The captain grinned. “Animals big enough to smash us into the cliffs. Maneuver as you need to, but I’d keep an average of no more than twenty knots and five degrees down. It should take us about three days to transit.”

“Won’t that take us away from our destination?” the pilot asked, frowning at the chart on her screen.

“Assuming you mean the Core facility,” the captain said, glancing at Janus, “there’s enough room in Fuller’s Rent for the convoy to turn around on the second day. Keep at least a hundred meters away from the cliff faces.”

“Aye, captain,” the pilot said.

The Apostate gave Janus a nod and turned to walk away.

“You’re not staying?” Janus asked, again surprised by how relaxed the captain was.

“Heading down to the mess. Thought I might eat with the crew, for once,” the captain said. His eyes gleamed blue. “Don’t worry, Emissary. I’ll find a way to appear in the control room if anything is seriously wrong.” He didn’t wait for Janus’s answer, continuing through DCC to the main ladderwell before disappearing down the stairs.

The officer of the watch gave the order, and the pilot adjusted her speed to twenty knots and five degrees down, a barely perceptible dive once they settled into it.
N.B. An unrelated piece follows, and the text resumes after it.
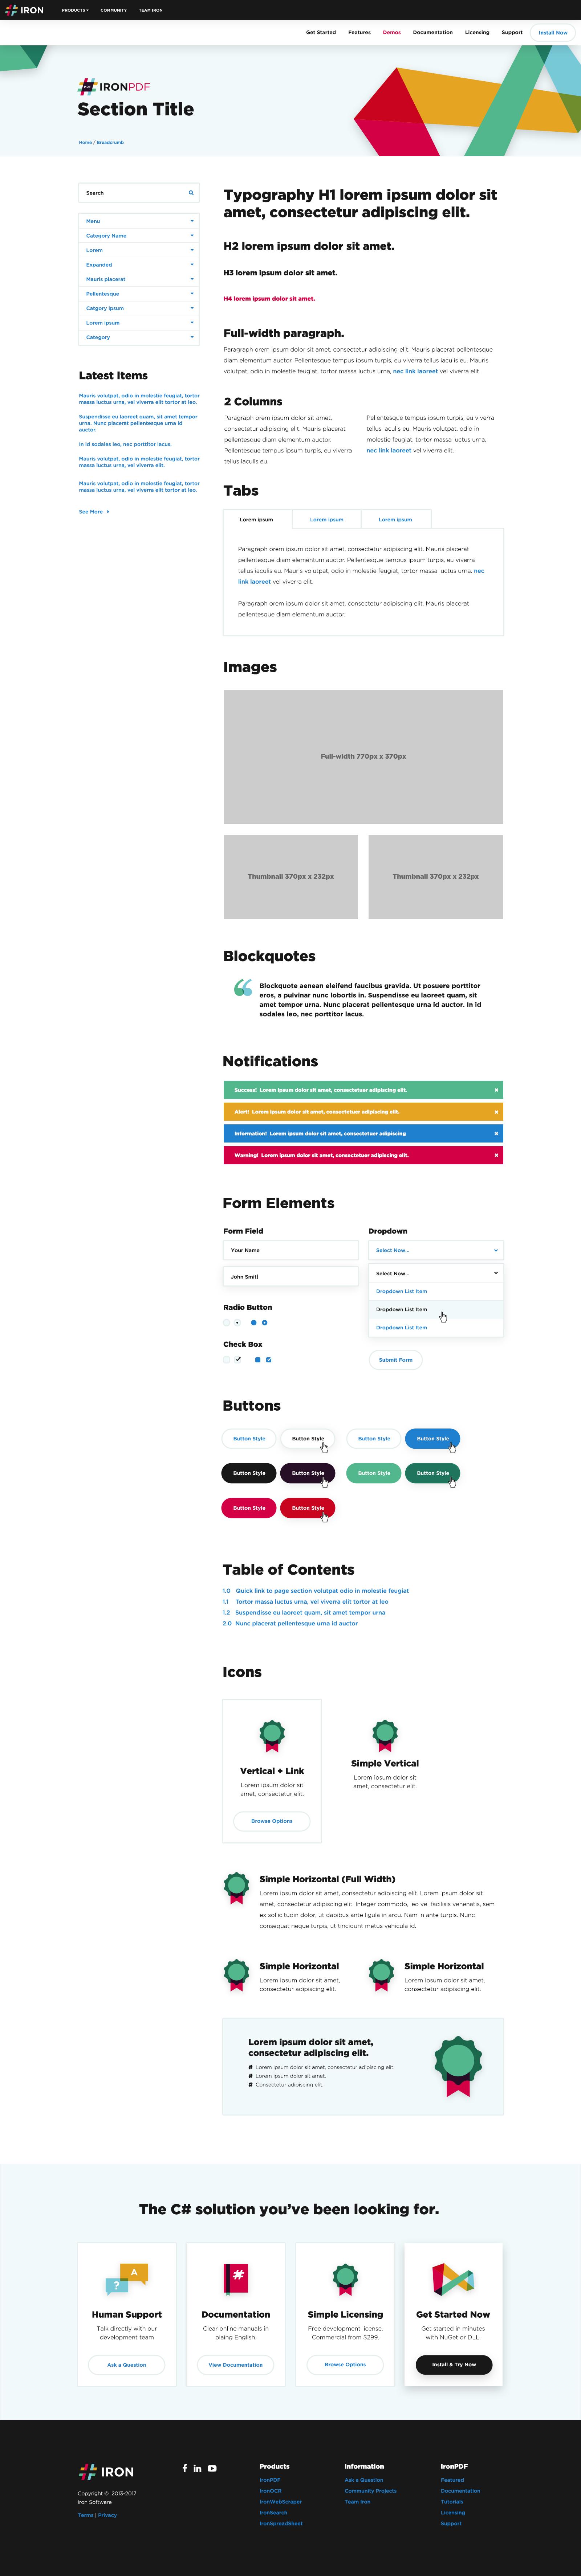 IronPDF - Generic Template, UI Kit (Docs/Demos/Tuts)

Janus kept waiting for the other boot to kick him in the shins, but the exceptionalists were settled in officer’s berthing, his aspirants were vigilant, and the captain’s jaunty calm indicated there was no immediate threat to their lives.

Have we really pulled this off? Janus wondered.

The captain seemed to understand they weren’t going to the Core facility, at least not directly, but had that been after he glanced at the plot in the holo tank or before? Would Nikandros come to the same conclusion? And if so, would he act?

The exceptionalist architect and his people had nothing to fear from the compartmentalists, not as long as they weren’t going against the dictates of the Consensus—which they hadn’t yet.

It was within their rights to visit the Core facility, even if they happened to be eight combat-rated cyborgs going to a research facility. Had Nikandros intended to coerce the Cult scientists or kill them? Would Janus have stood by? And did Nikandros intend to use his people to replace the dead scientists or frame them?

There were still far too many unknowns, but if their trip to the compartmentalist facility was successful, and there were comp military cyborgs at the Seafall garrison, he could hope to achieve a sort of stalemate that would see… he wasn’t sure what a good outcome might look like, but for now, they needed the compartmentalists’ support.